Sunday, April 15, 2007

Attention: Suppression!

Lauren: I thought this was great. It reminded me of when I was in high school and my crazy nutso World History teacher would give us sets of 50-70 identifications to do each night for homework. She wanted us to go through our antiquated history book and define whatever names or terms she had as identifications. I would do them for an hour and then start making stuff up. I remember I described Lloyd George (the Prime Minister of England right after WWI) as being the androgynous lead singer of the 1980's band, Culture Club.
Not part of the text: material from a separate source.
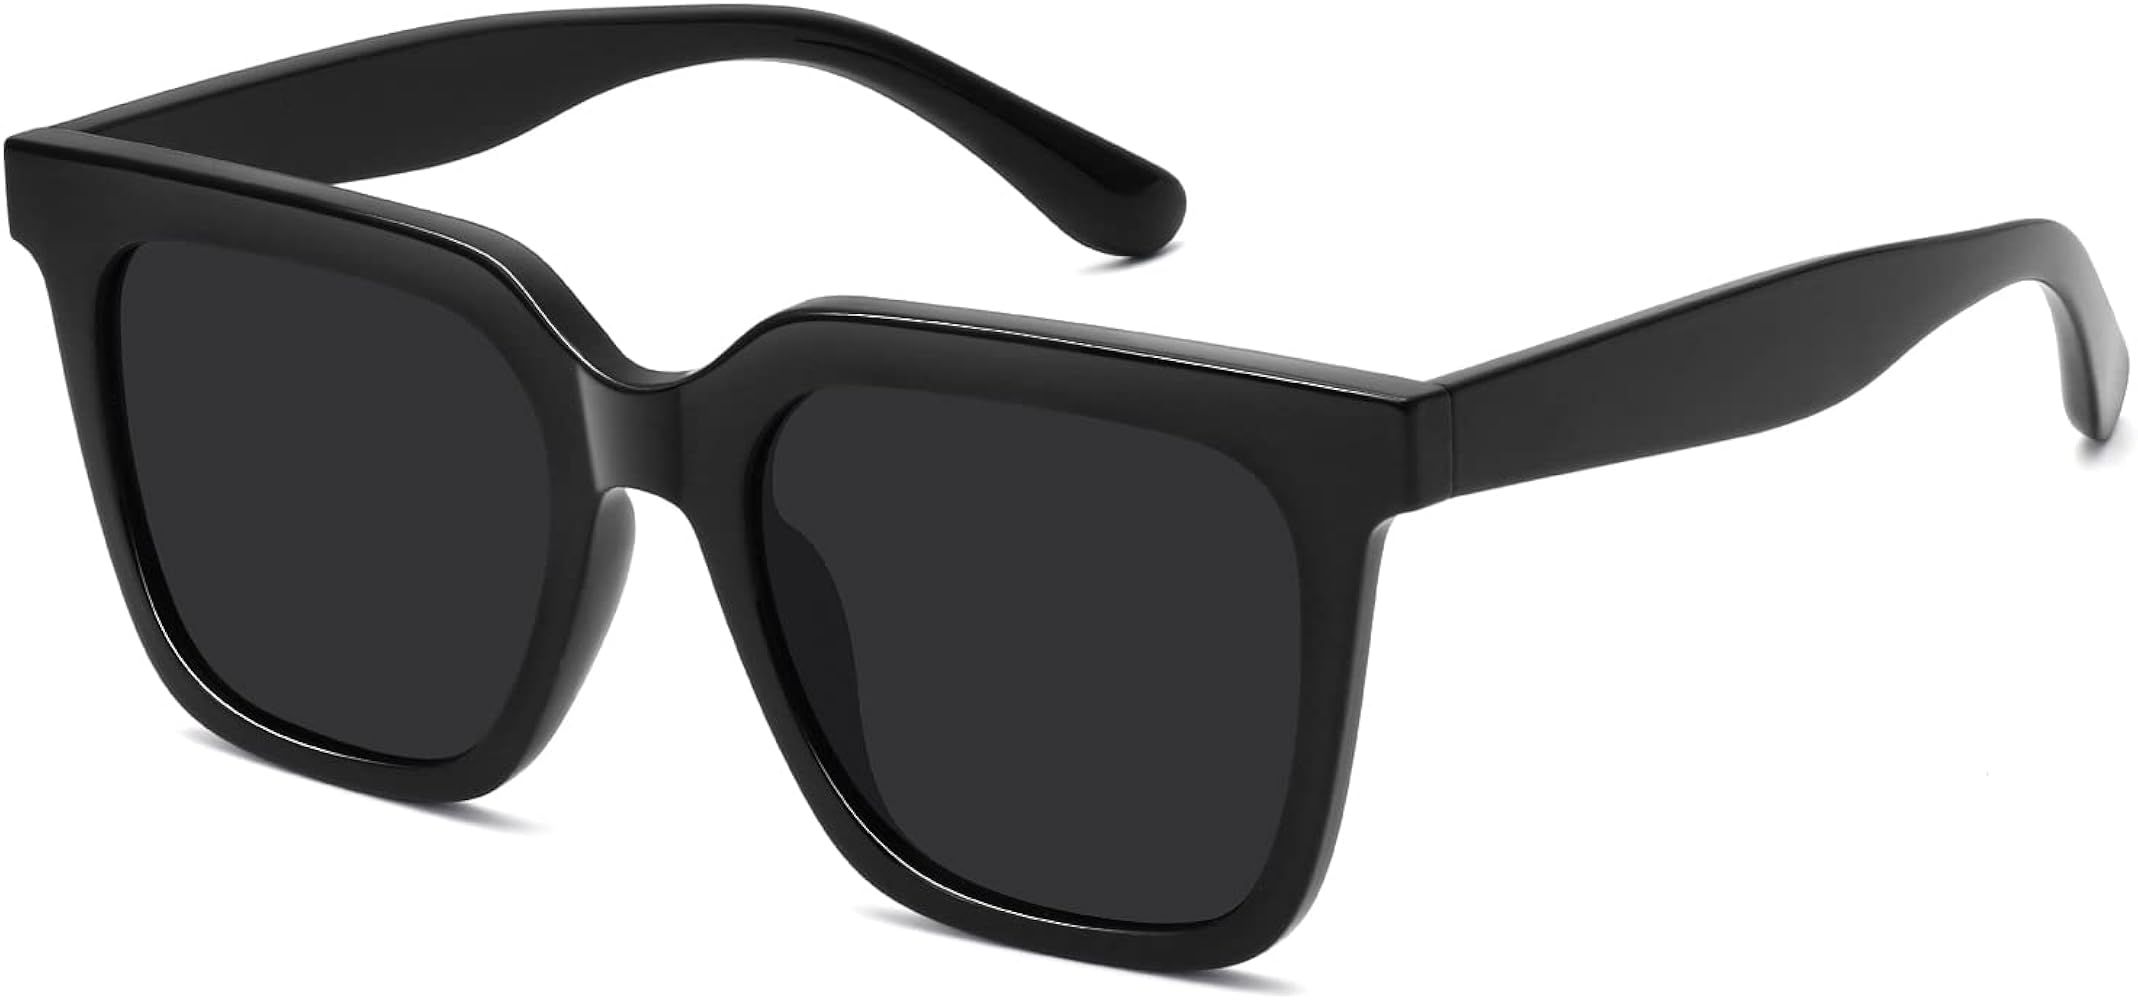 Women Square Sunglasses Black Sunglasses for Women Retro Sun Glasses UV400 Protection | Amazon (US)

I did this with a ton of the identifications, as well as writing hidden messages such as "Tabatsko, I'm going to kill all of your ferns before the semester is out." I received an A on all of my identifications.
Anyway, yeah. this thing that Lauren did reminded me of how some teachers just look at format and the very basic clues as to what makes a good paper (1 inch margin, title, cited sources, topic sentences for each paragraph, etc.). I thought the whole thing really spoke to a teacher's awareness of student writing and maybe their attention focus on individual papers.
I did have a problem with the poorly graded paper. One of the teacher's comments was "Yuck" about a transition. Absolutely, the particular transition the student makes is not a great one, but I would be destroyed if a teacher wrote "Yuck" on my paper. Maybe I'm touchy on this because I have notably terrible transitions. I could just be overly-sensitive in this arena.